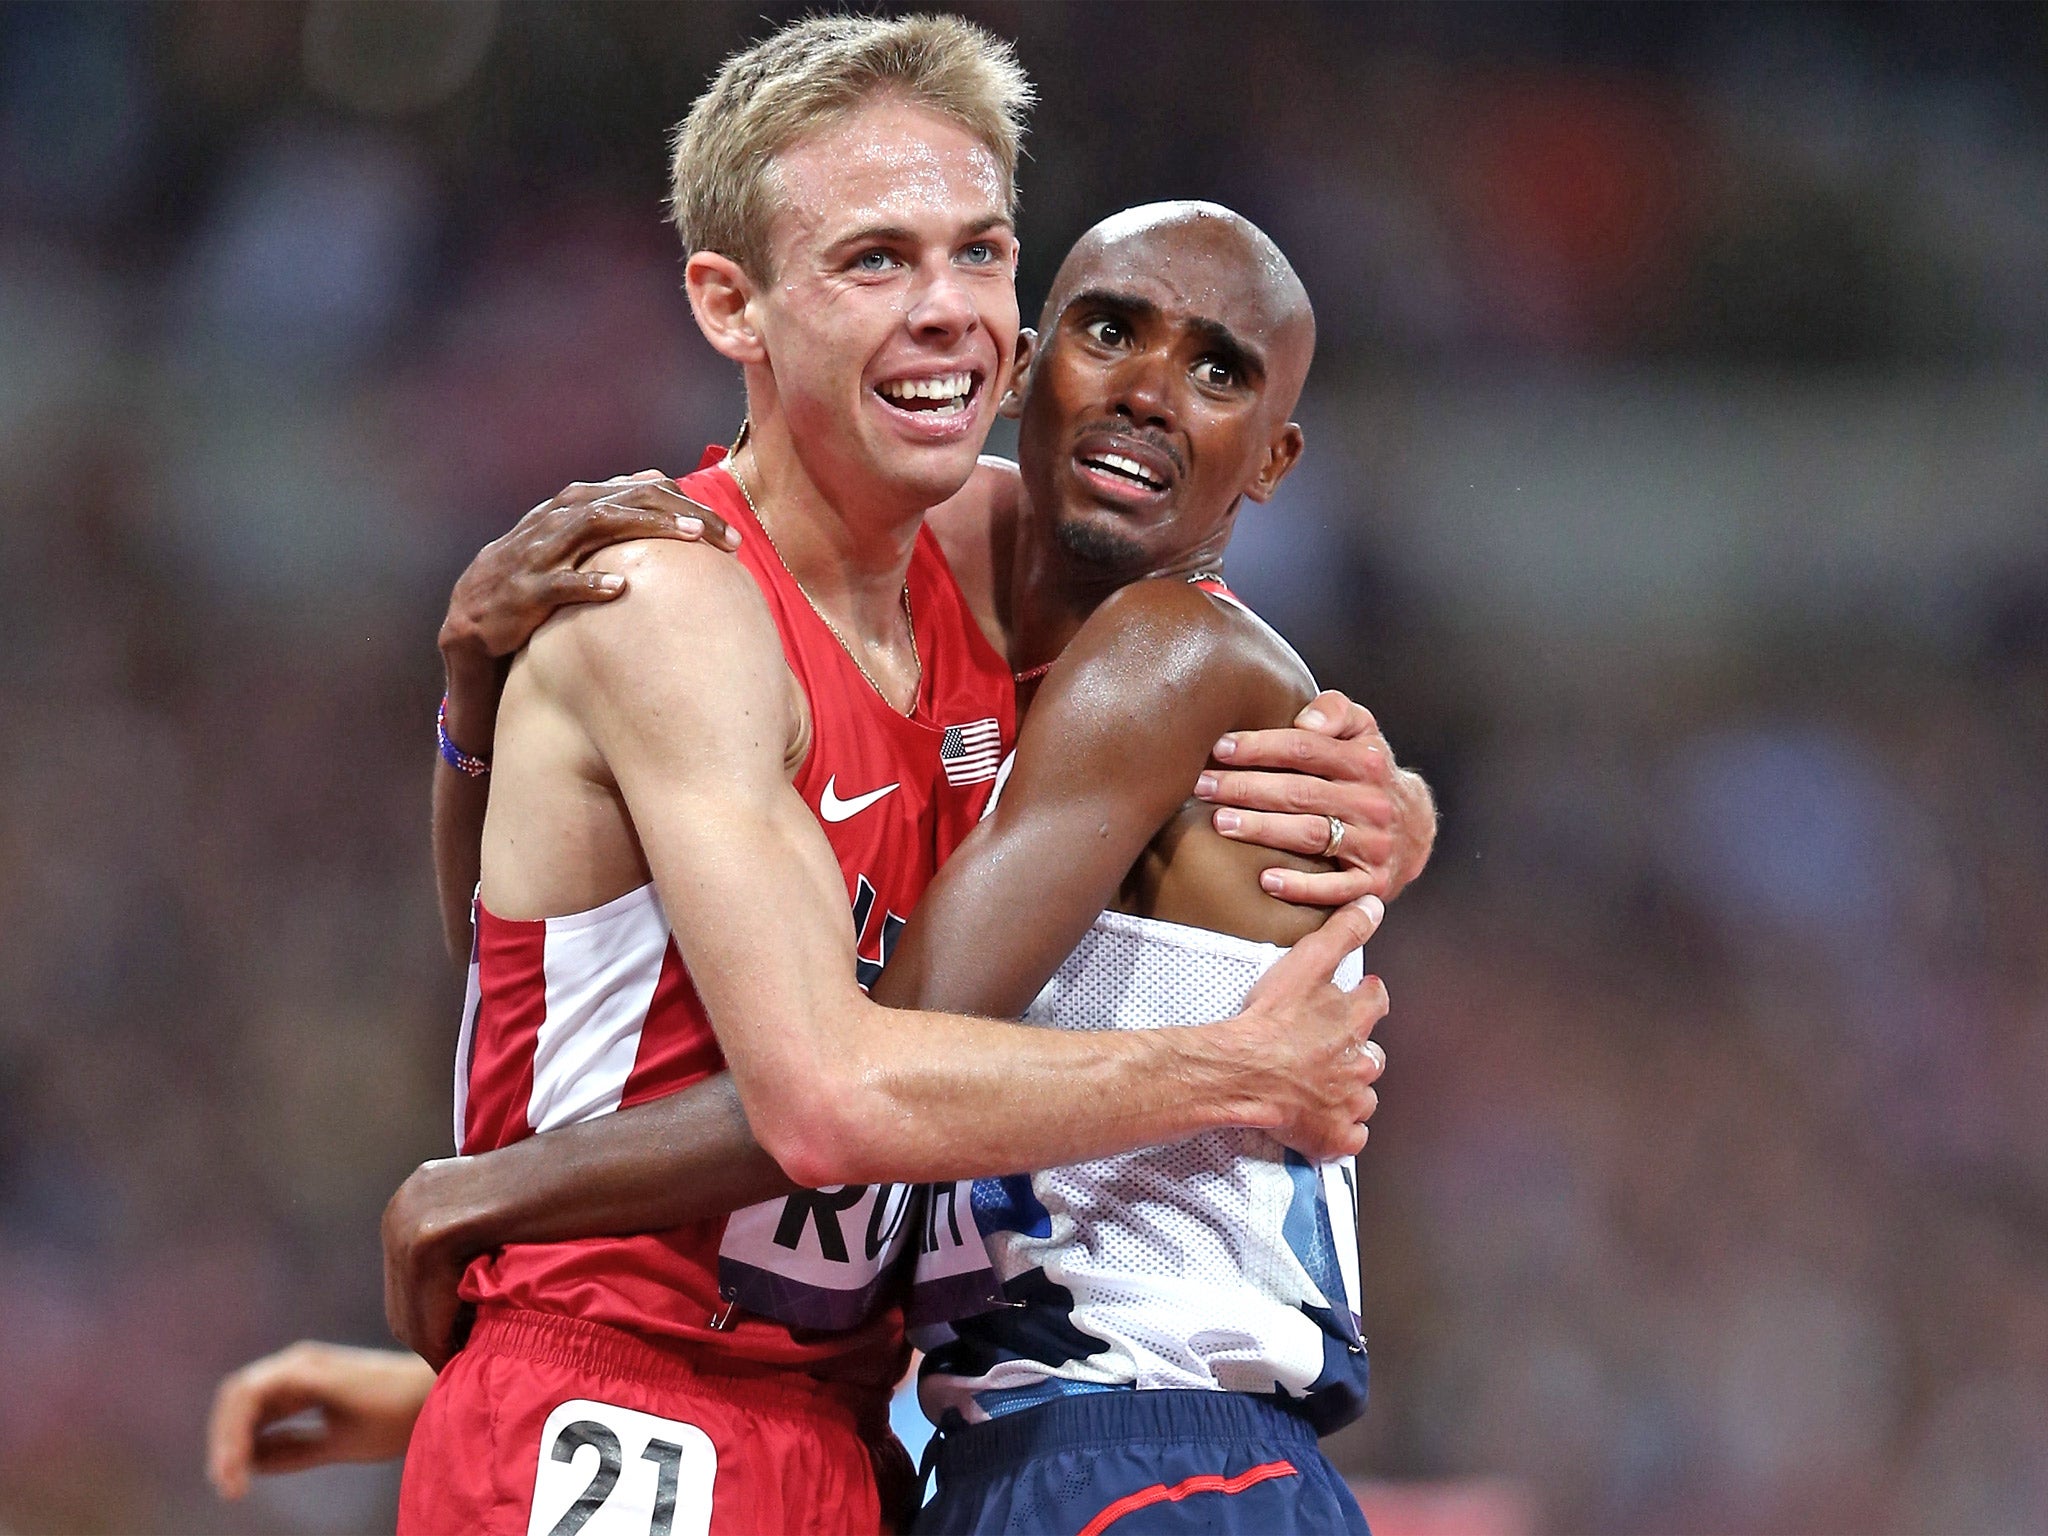 Rupp and Farah after the Olympic Men's 10,000m Final
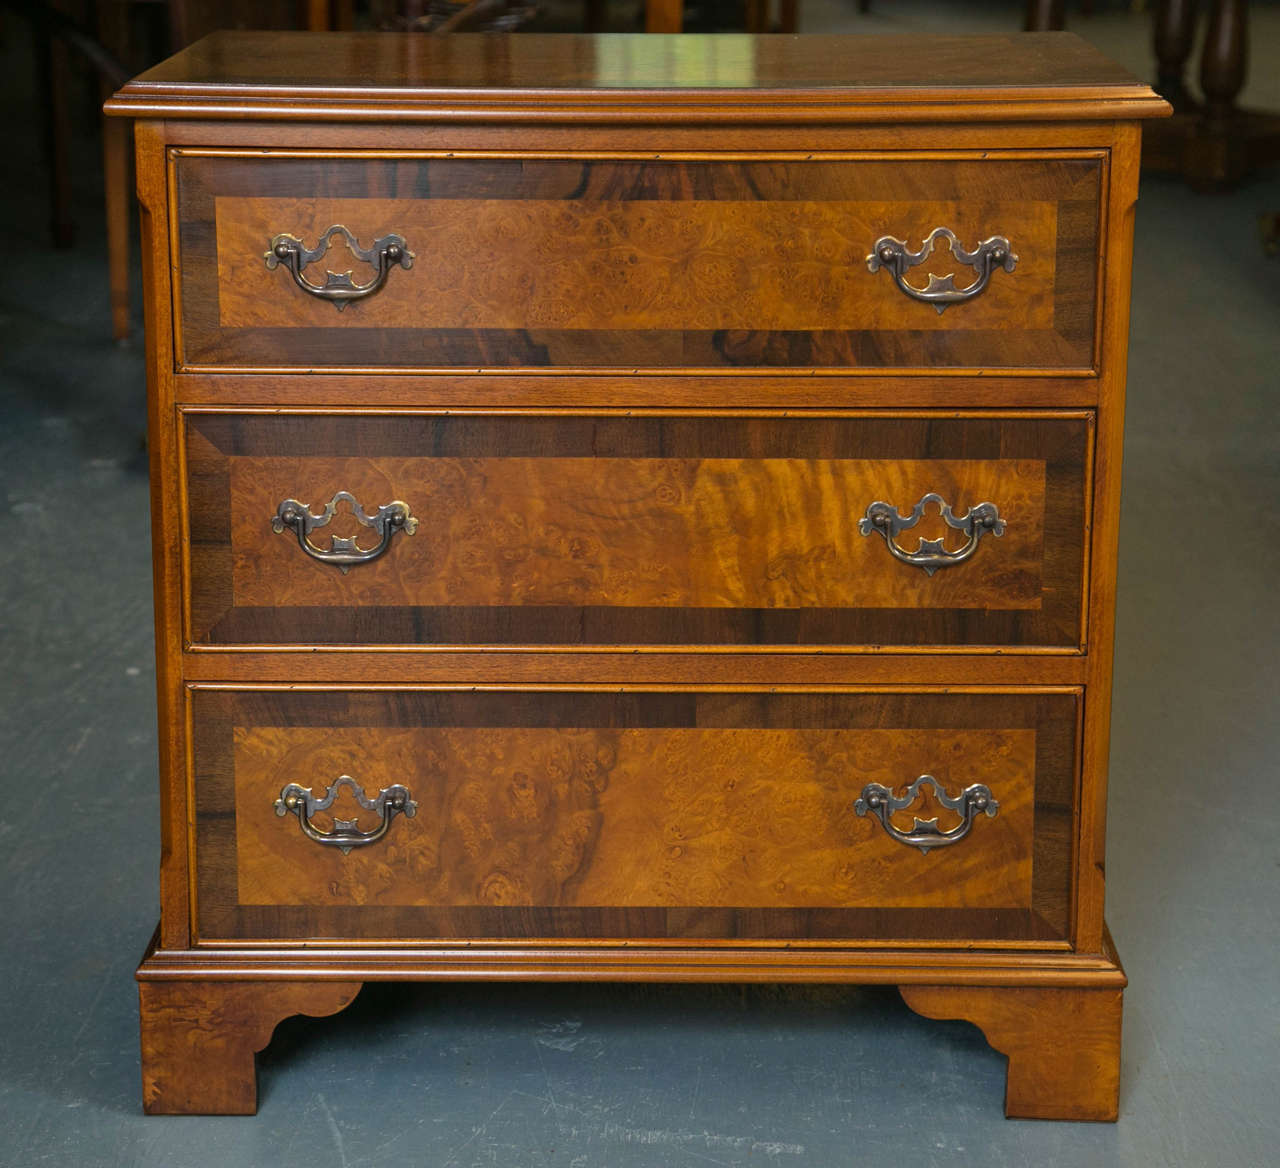 Custom made for us by English cabinet makers, this Classic little three-drawer chest in walnut burl has chamfered corners and rests on bracket feet. The top and drawer fronts are crossbanded in a contrasting straight grain walnut that reins in the
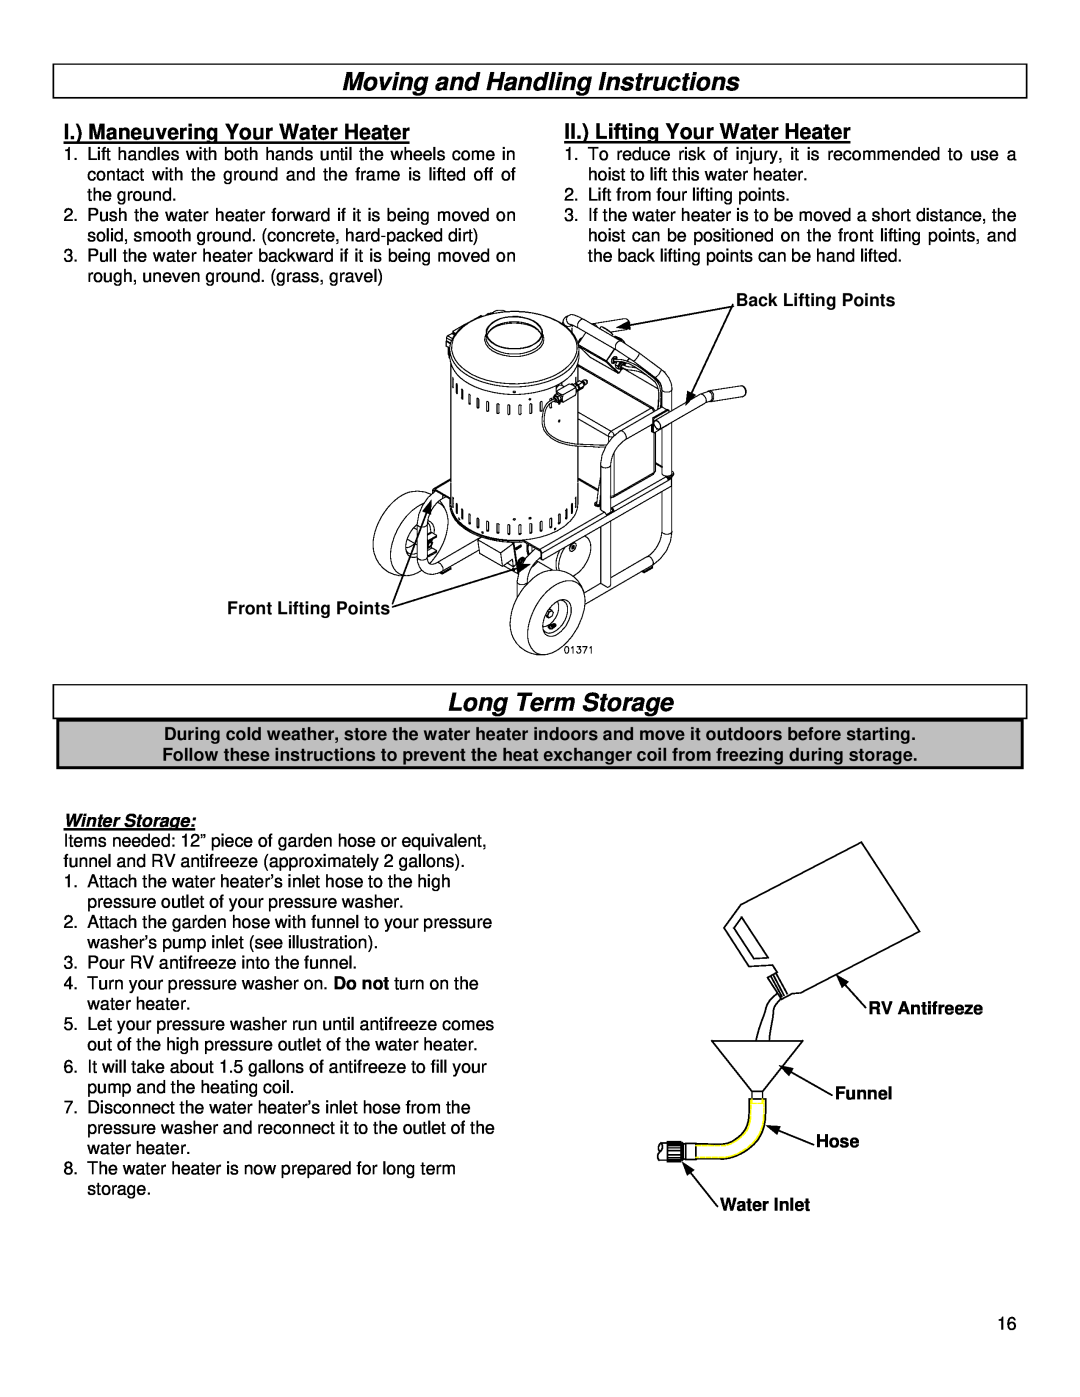 Northern Industrial Tools 157494 Moving and Handling Instructions, Long Term Storage, I. Maneuvering Your Water Heater

----

• [The problem]
Output the material above verbatim but exclude each picture.

• [Exercise output]
 Rupp and Farah after the Olympic Men's 10,000m Final
 Custom made for us by English cabinet makers, this Classic little three-drawer chest in walnut burl has chamfered corners and rests on bracket feet. The top and drawer fronts are crossbanded in a contrasting straight grain walnut that reins in the
 Northern Industrial Tools 157494 Moving and Handling Instructions, Long Term Storage, I. Maneuvering Your Water Heater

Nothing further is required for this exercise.